In design, stochastic index KDJ integrates some advantages of momentum concept, relative strength index and moving average. In the calculation process, we mainly study the relationship between the price and the closing price, that is, we can reflect the strength of the price trend and the phenomenon of overbought and oversold by calculating the real range of price fluctuations such as the highest price, the lowest price and the closing price of the day or a few days.

The KDJ index consists of three curves, the fastest moving is the J line, followed by the K line, and the slowest is the D line. The following is a detailed introduction to KDJ indicators for everyone.

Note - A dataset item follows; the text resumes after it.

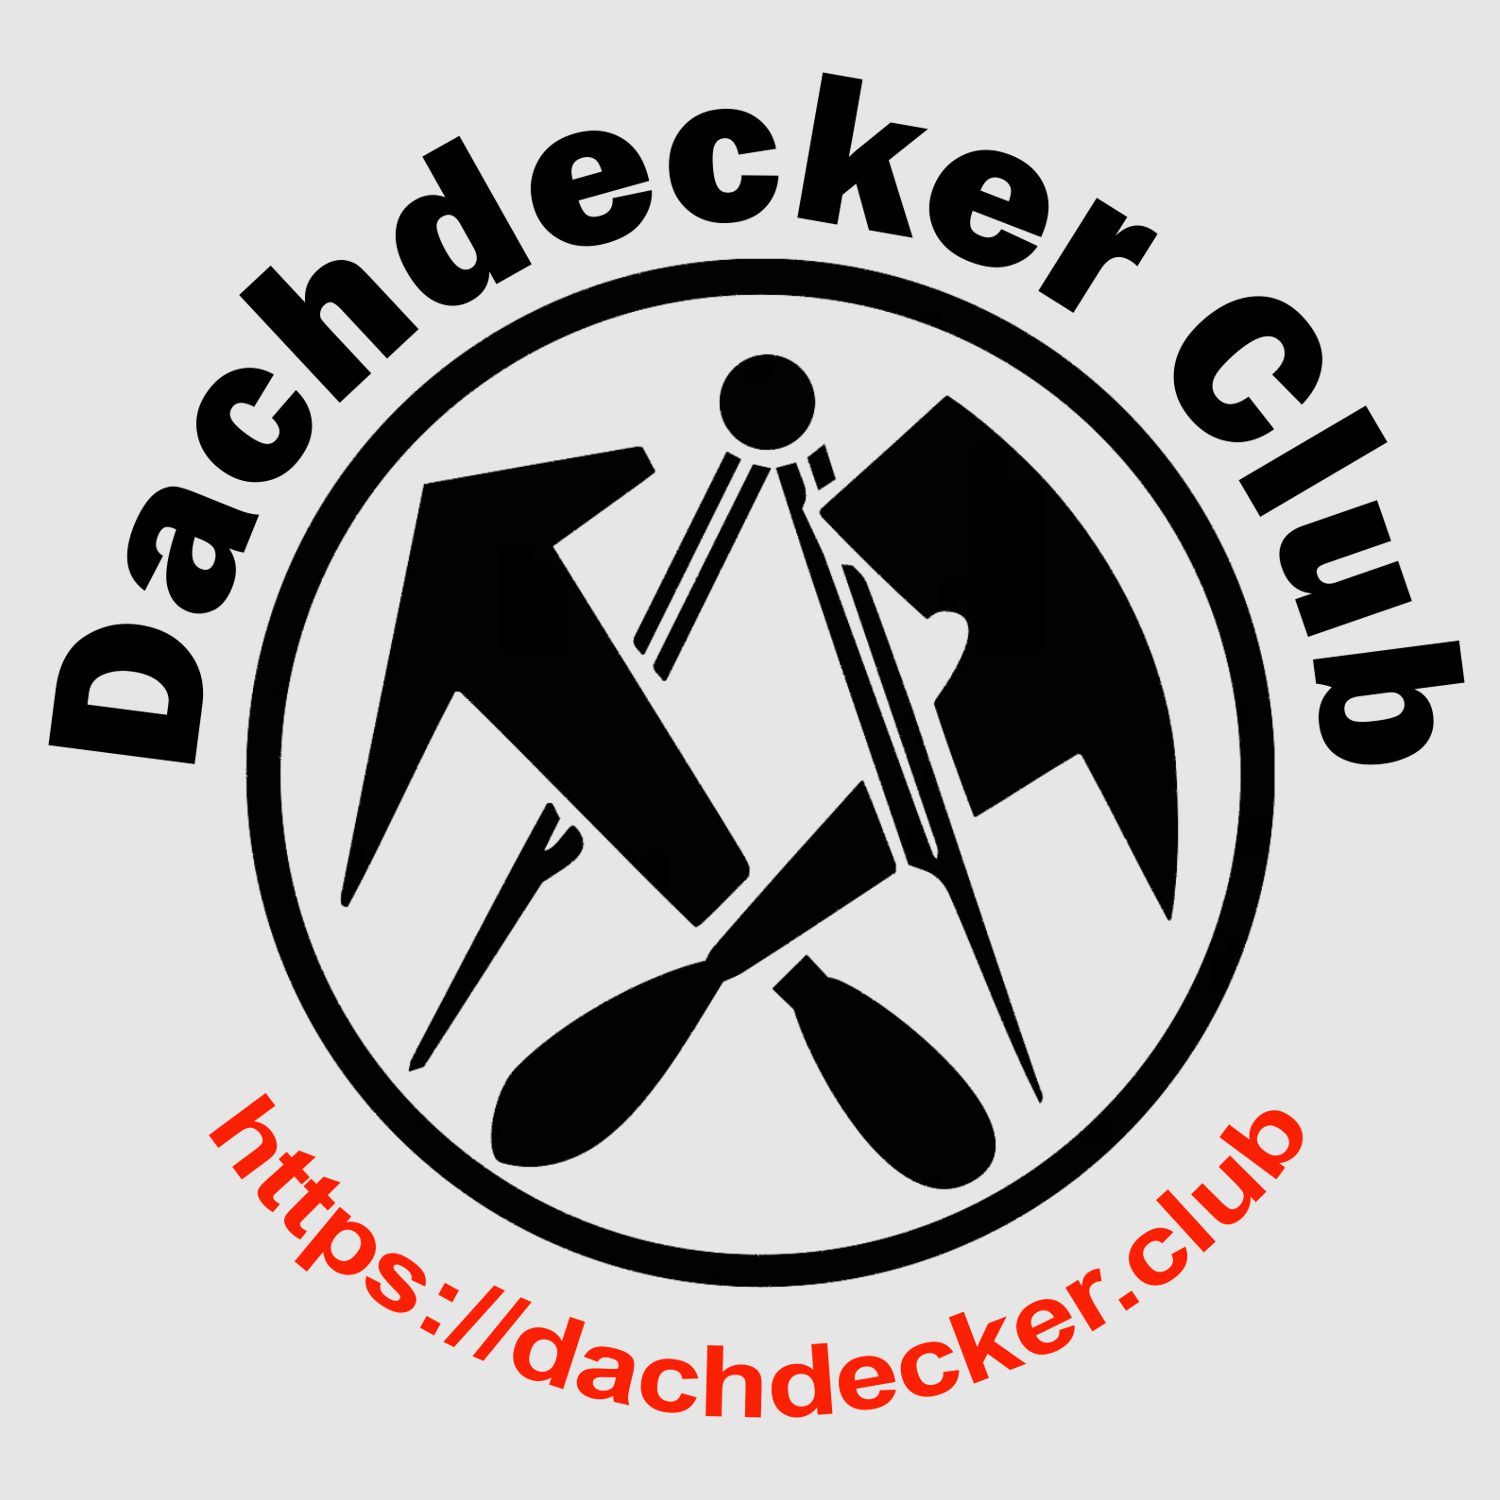 Dachdecker Club - Der Treffpunkt für Dachdecker

Calculation formula of KDJ:

Rsv= (closing price _ lowest price in n days)/(highest price in n days _ lowest price in n days) × 100

K = k = M daily moving average of RSV

Moving average of m 1 day, D=K

J=3K-2D

Rsv: Immature random value

Buying and selling principle:

The value crosses the D value from the put right, and the K value crosses the D value from the buy right.

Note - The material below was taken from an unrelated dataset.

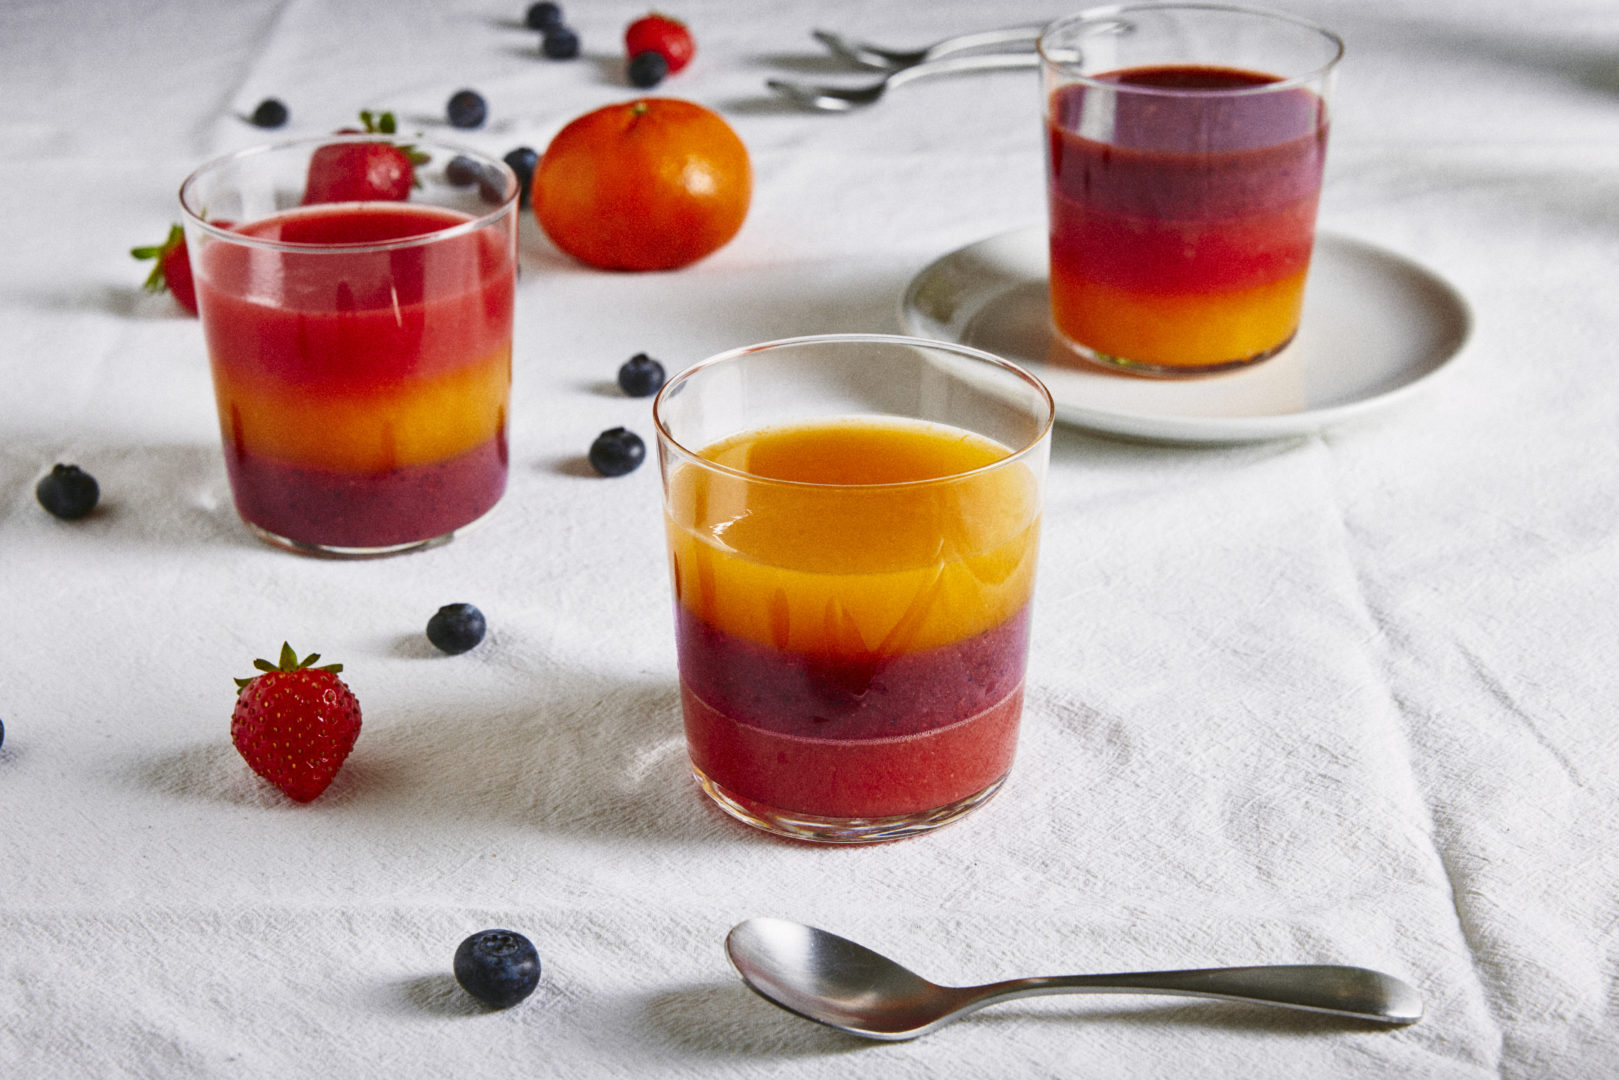 receita de gelatina de frutas: a sobremesa está em três copos disposto na mesa. A gelatina tem três cores: vermelho, laranja e roxa.

2. High-end products have been cross-confirmed downward for two consecutive times. The low cross confirms the upward trend twice.

value

80% overbought. J> 100% overbought, J.

When the value hovers or crosses around 50%, it is meaningless.

5. stocks that are too speculative are not applicable.

6. You can observe the deviation between KD value and gold price to confirm the high and low points.

Basic application methods of KDJ:

1. When the value of k (short-term moving average) is greater than the value of d (long-term moving average), it means that the market is in a strong state, so it is a buy signal when the K line breaks through the D line graphically.

2. When the value of D is greater than the value of K, it shows that the trend is downward, so in the graph, the K-line falling below the D-line is a selling opportunity.

3. When the D value falls to 10- 15, it is the best buying opportunity, and when it is as high as 85-90, it is a selling signal.

Line d and line d will drop sharply at the high-grade intersection and rise sharply at the low-grade intersection.

5. Similar to the RSI indicator, when the price deviates from the indicator, the market reverses.